Geoff Hobbs outlines how one installer used smart thinking to keep hot water running for DeVere hotel guests while replacing a 20-year-old heating system.

Faced with having to shut down a business for even a week or so is not really an option, and this is especially true if you are running a large hotel — even more so perhaps when that business is a member of a nationwide chain. But that’s just what the management of one of De Vere’s Village Hotels were faced with when they were planning the replacement of the failing 20-year-old hot-water system as part of a major refurbishment at their 116-bedroom site in Warrington. If you run a hotel, no hot water means no guests, so any downtime of hot water supply is disastrous for business.

Initial plans designed to overcome this problem involved a temporary external oil-fired plant to cover the gap in service while stripping out the old boiler room. This solution would involve constructing and then dismantling the provisional system, and linking it with flexible pipe work to provide the temporary supply.

But, by applying some creative thinking, an alternative plan was found that removed the need for an interim supply, and saved the hotel thousands of pounds on the installation — and did not interrupt the hot-water supply for more than an hour or two.

John Barnes, Director of Salford based heating engineers H Barnes & Sons Limited, with almost 50 years’ experience working in the hotel sector, went on site and discovered a linen room by the side of the old boiler room on the top floor of the hotel. His solution was to use this room to build a compact hot-water system using Rinnai Infinity continuous-flow gas water heaters with a Rinnai 1000 litre storage tank.

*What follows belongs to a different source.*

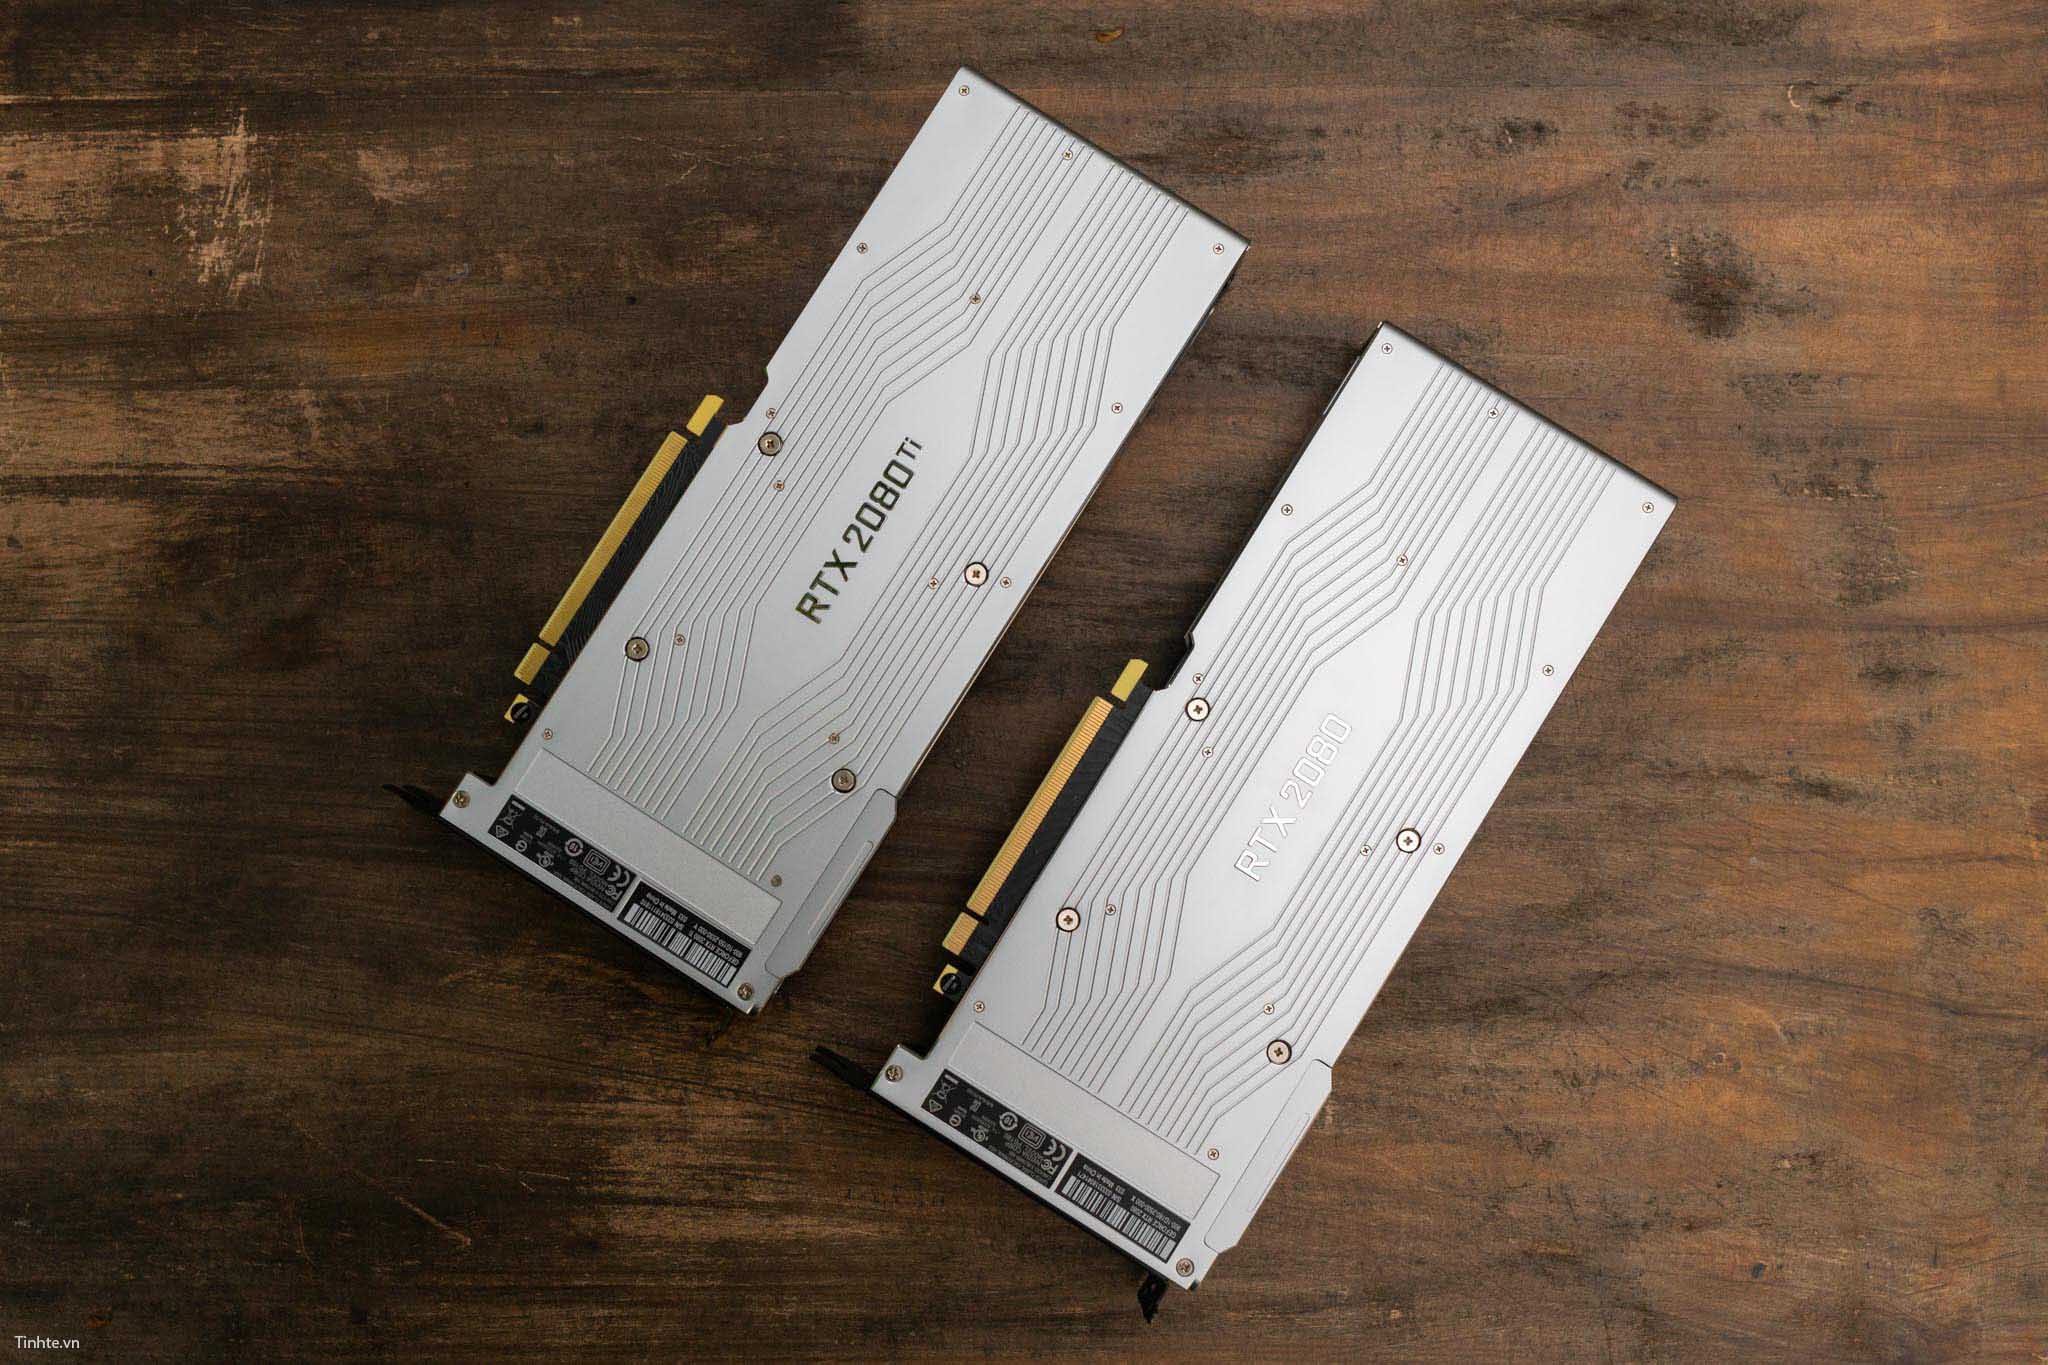 GeForce RTX 2080/2080 Ti Founders Edition: card đồ hoạ hoàn thiện cao cấp như smartphone

Thus, while the old system continued to supply the hotel with hot water, he could convert the linen room to build and house the new installation. When completed it would then be a simple matter to switch supply from the old to the new with minimal downtime. The old boiler room could then be stripped out and reinstated as the new linen room. This elegant solution earned H Barnes & Co the contract, and saved the Village around £10,000 to £20,000 on the total cost of the project.

Rinnai, hotel, DHW
Geoff Hobbs: managing director of Rinnai UK

Barnes says: “I was pleased to be able to apply my experience gained from working for many years in the hotel business to solve this problem. It’s not always the standard solution that provides the best result, a little lateral thinking often comes in extremely useful!”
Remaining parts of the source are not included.